Nov 15, 2009

Oil industry sinkhole could take part of Carlsbad NM with it.

From the BigGav

MSNBC has an article on a town that could disappear into a sinkhole created (indriectly) by oil drilling - Cavern could collapse, taking part of N.M. city (via Polizeros).

The bright yellow signs on U.S. 285 are the first indication that things aren't right in Carlsbad. "US 285 south subject to sinkhole 1,000 feet ahead," motorists are warned.

But there is little other evidence that in southeastern New Mexico's oil country, a giant cavern sits beneath the earth, ready to swallow part of the highway and possibly a church, several businesses and a trailer park.
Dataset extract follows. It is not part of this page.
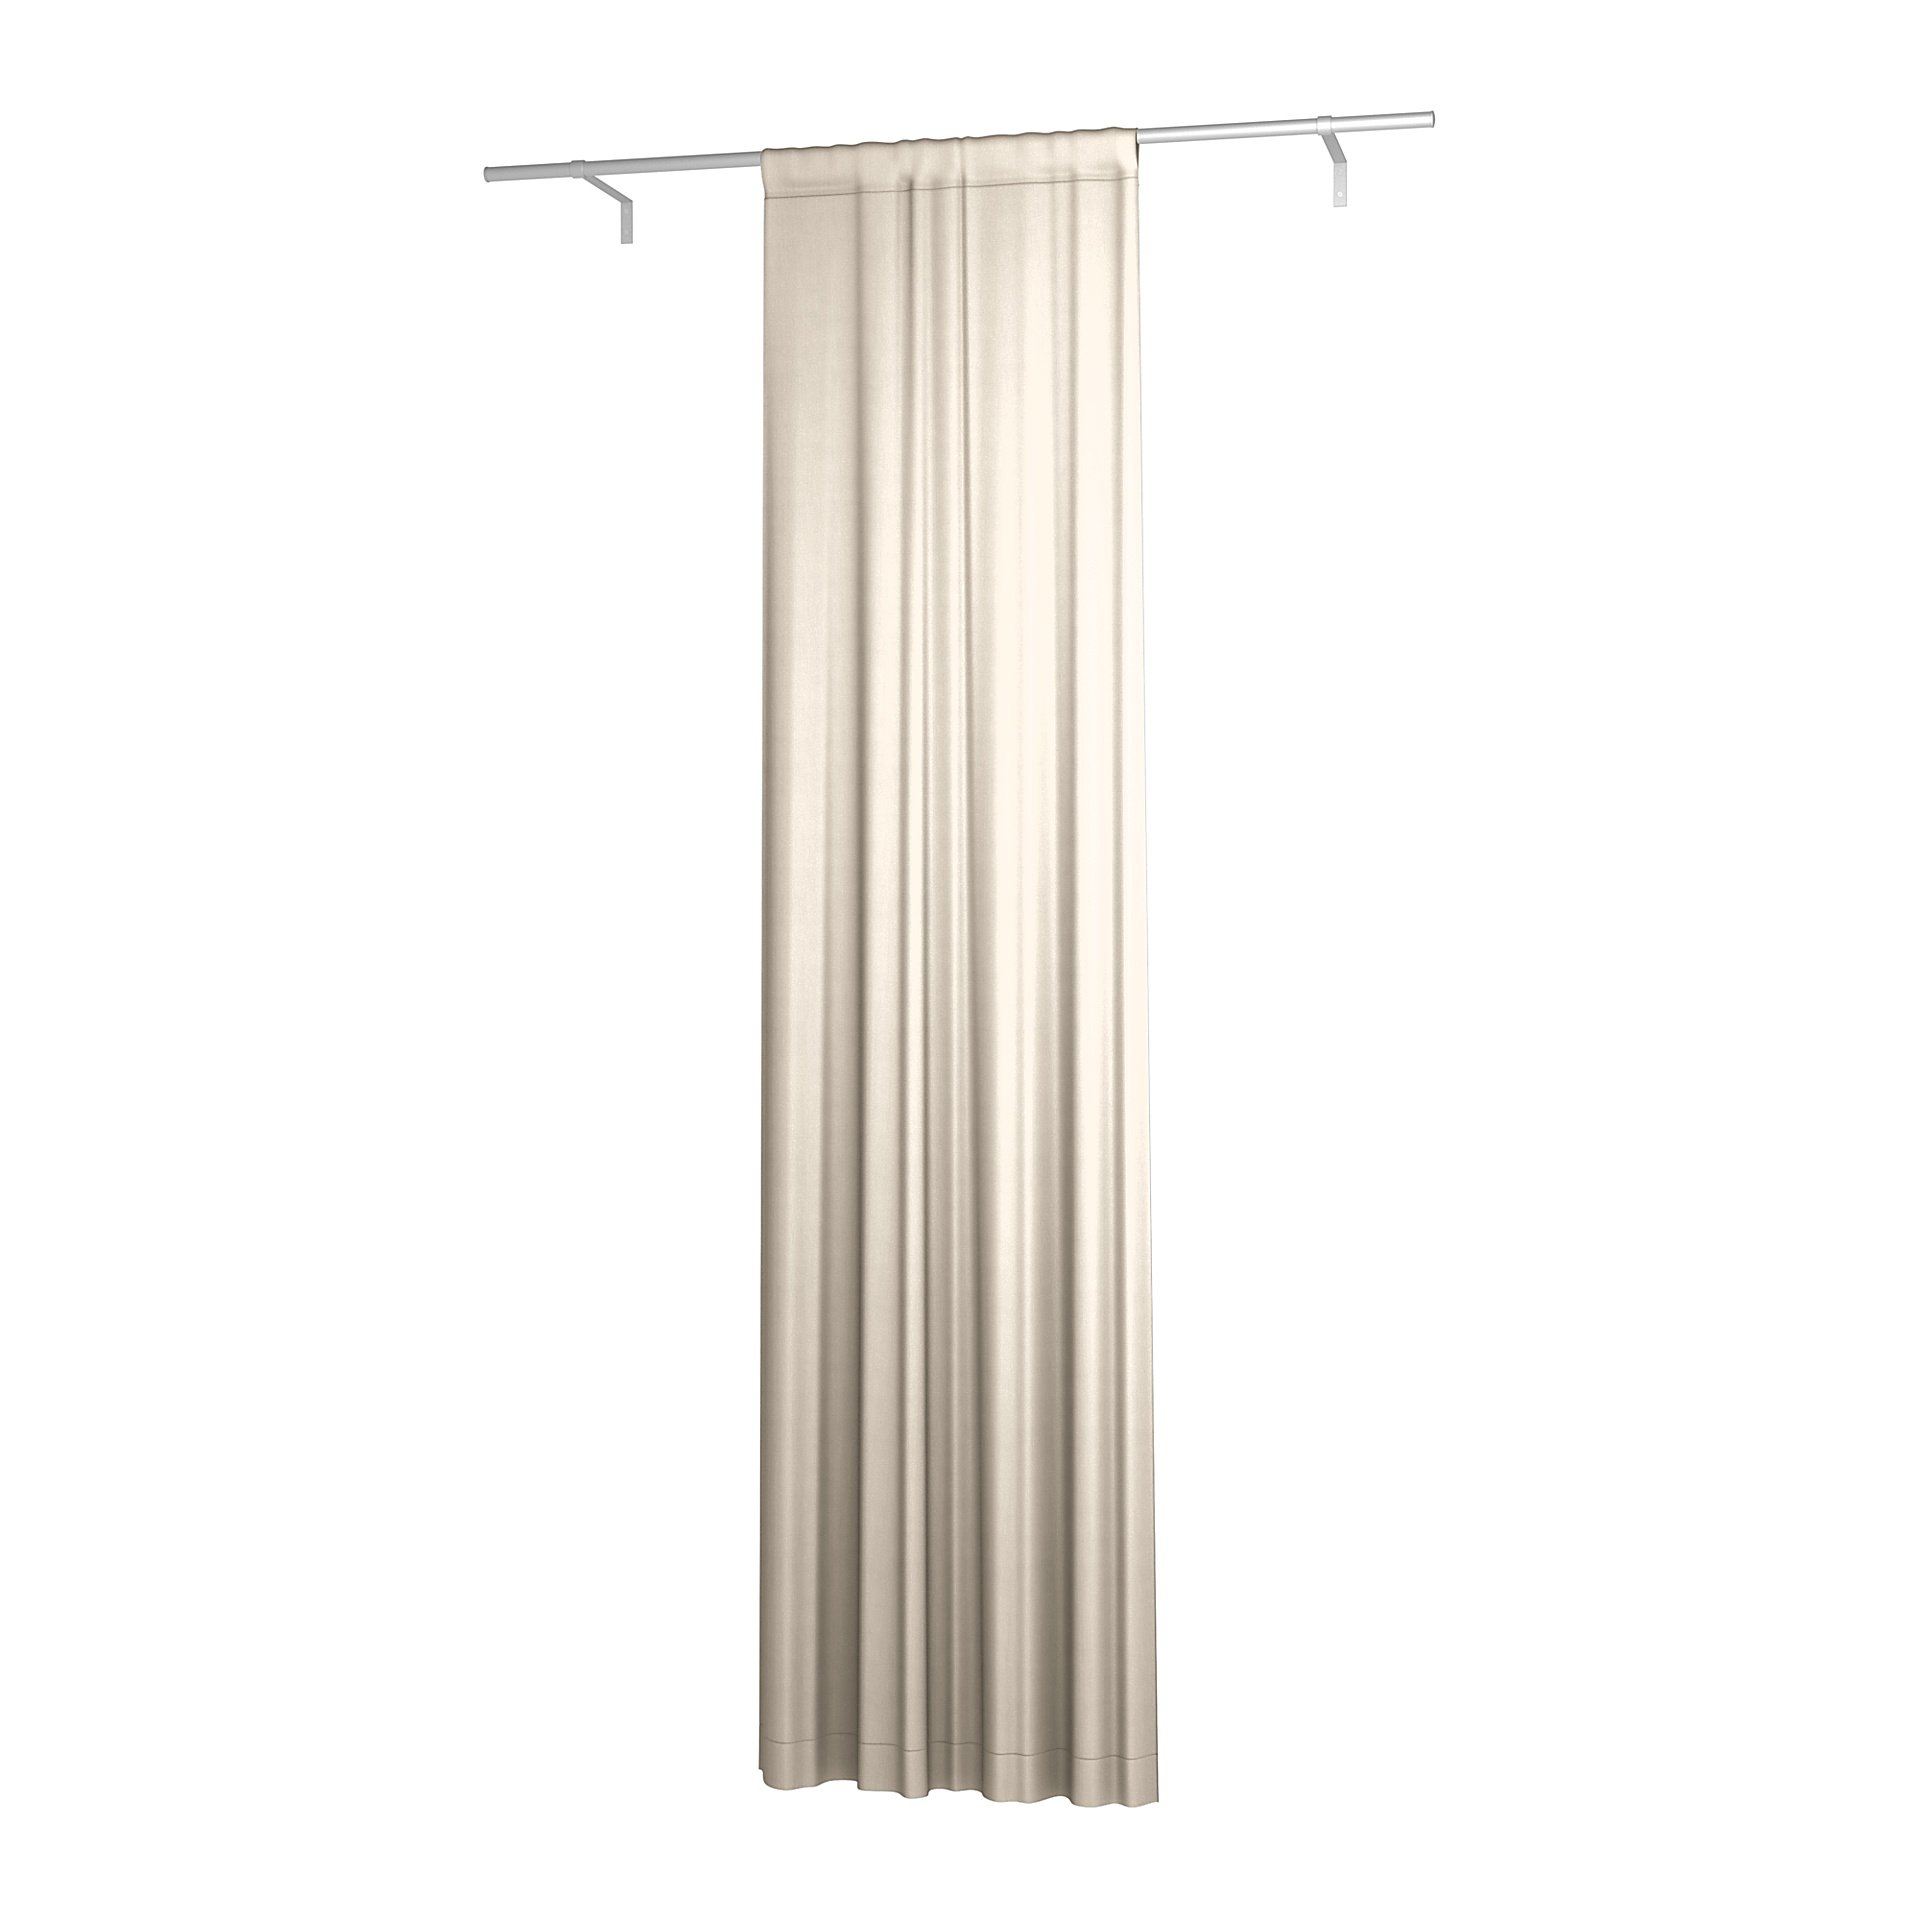 Single Width Curtain Panel with Tunnel/Creaseband, 250 cm, Parchment, Linen - Bemz

The cavern was formed over three decades as oil field service companies pumped fresh water into a salt layer more than 400 feet below the surface and extracted several million barrels of brine to help with drilling. State regulators flagged it as a potential danger after concluding that it was similar to two wells northwest of Carlsbad that collapsed without warning last year.

Over the past few decades, communities in Texas, Kansas, Michigan, Canada and Europe learned of similar underground danger only after cracks appeared and the ground began to sink. Regulators are trying to determine how to prevent future collapses by better managing a practice that's used throughout the world.

Most brine wells operate far from homes and businesses, but Carlsbad's is unique because it is in a population center — and could prove potentially disastrous.